2. Response to Recent Typhoid Outbreak
This June, a local secondary school near the Lwala Community Hospital saw a typhoid outbreak sweep through its dormitories and mess hall. Over a period of about two weeks, a number of students from Kameji Secondary School came to the Lwala Community Hospital and tested positive for typhoid. Clinicians and staff responded swiftly to these infections by going to the school to intervene directly.

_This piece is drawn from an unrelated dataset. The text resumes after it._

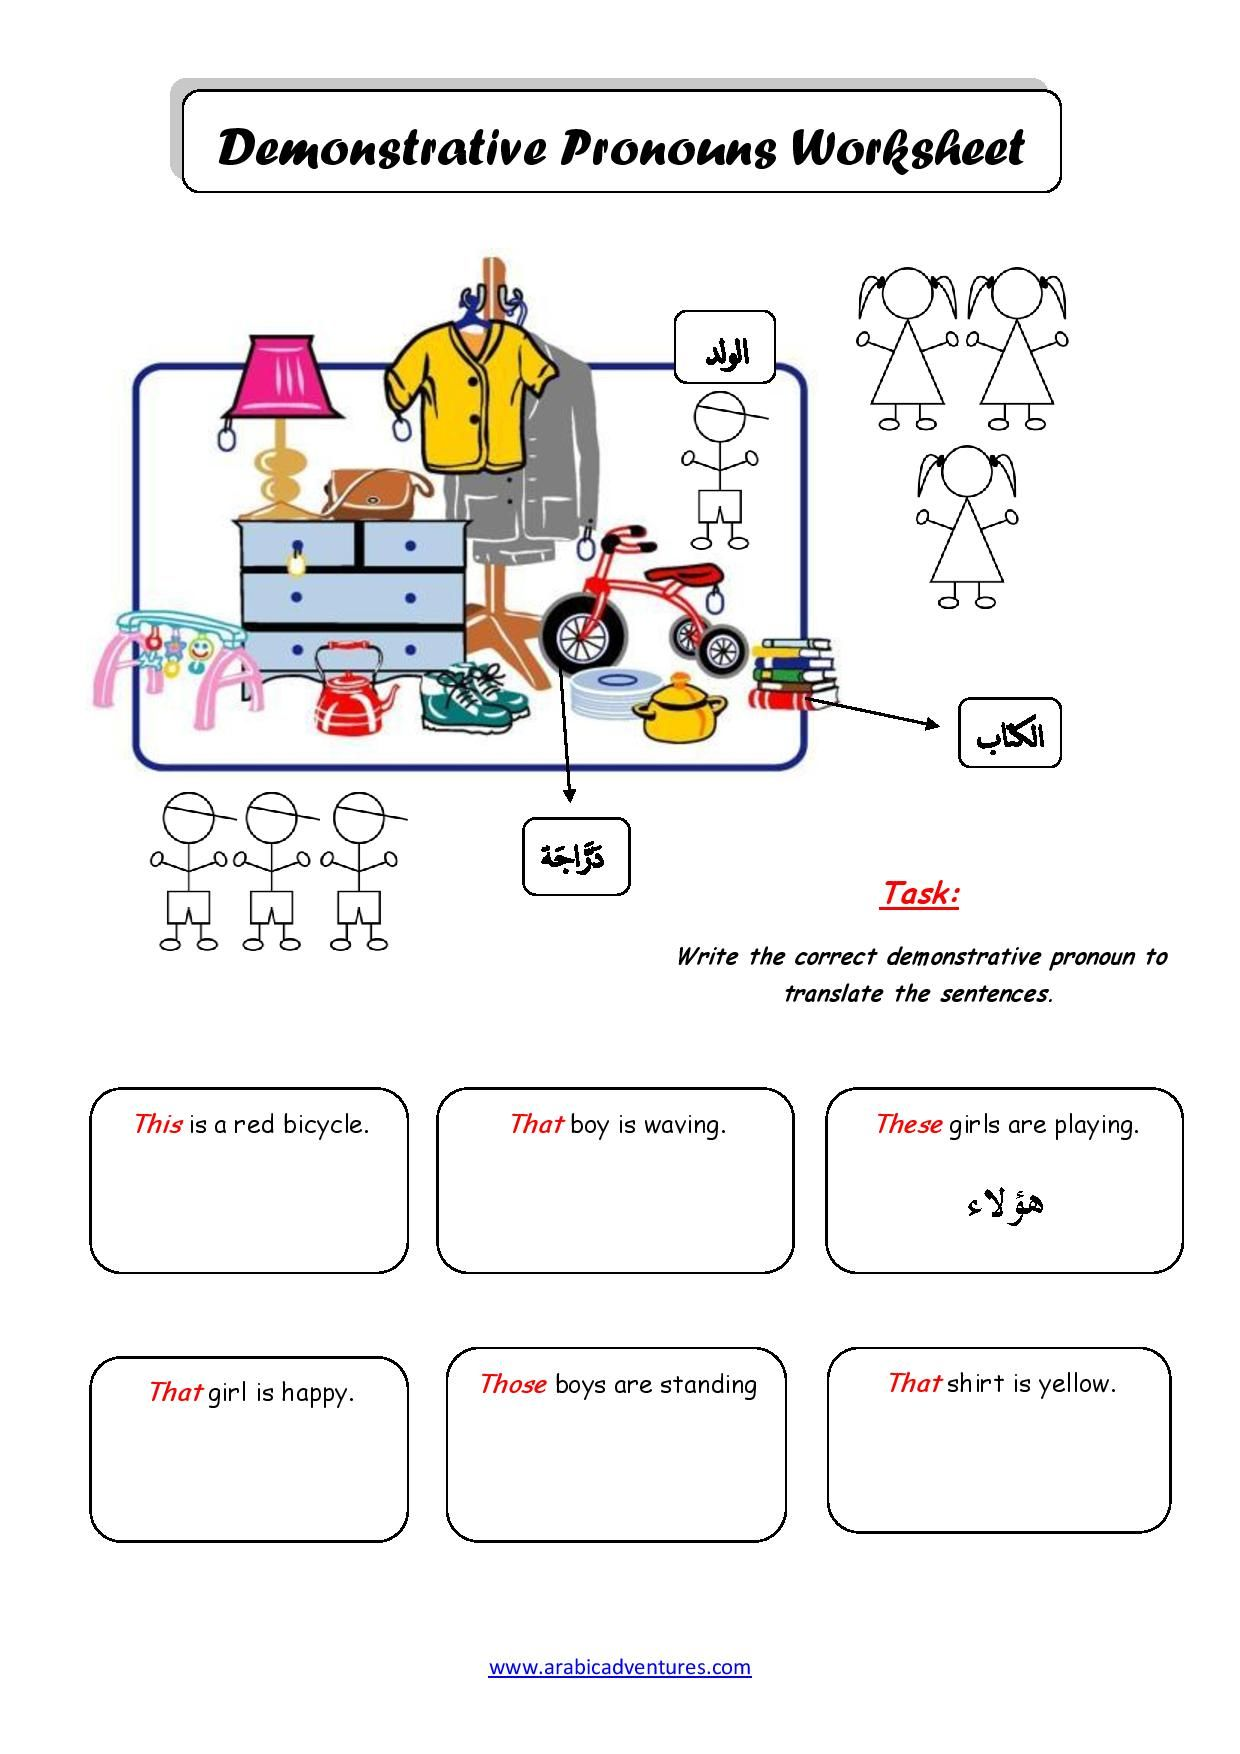 medium resolution of Arabic Demonstrative pronoun worksheet. Free printable at  www.arabicadventures.com   Pronoun worksheets

Since the disease is transmitted via a fecal-oral route, water and food represented the prime suspects for transmission. Clinicians tested the seven food handlers who worked at the school; all seven tested positive and were subsequently treated. Lwala Community Alliance provided water filtration packets and new water tanks as well as funding for repairing the rain catchment systems. After a general education session about typhoid infection and prevention, clinicians carried out mass testing and treatment of the students. In the end, over 180 students registered positive for typhoid. As frightening as this outbreak has been, both the school and the local public health office have expressed deep gratitude to the Lwala Community Alliance for helping curb a potentially tragic situation.
3. Baby Paul
On a Tuesday afternoon in late June, a woman arrived at the Lwala Community Hospital in labor. Her contractions had started on Sunday, and she had traveled 6 km from her home on a motorbike in order to receive care and have a safe delivery at our facility. Later that evening, baby Paul was finally born. However, due to prolonged labor, the baby had aspirated and experienced fetal distress in the womb. Shortly after his delivery, Paul’s fever spiked to 102 degrees. The hospital staff quickly administered an intravenous antibiotic in an effort to bring his fever down. By Wednesday morning, Paul’s fever had decreased to 99 degrees. Paul and his mother were closely monitored in our postnatal unit for three days. At the end of this period, baby Paul had stabilized enough to safely return home.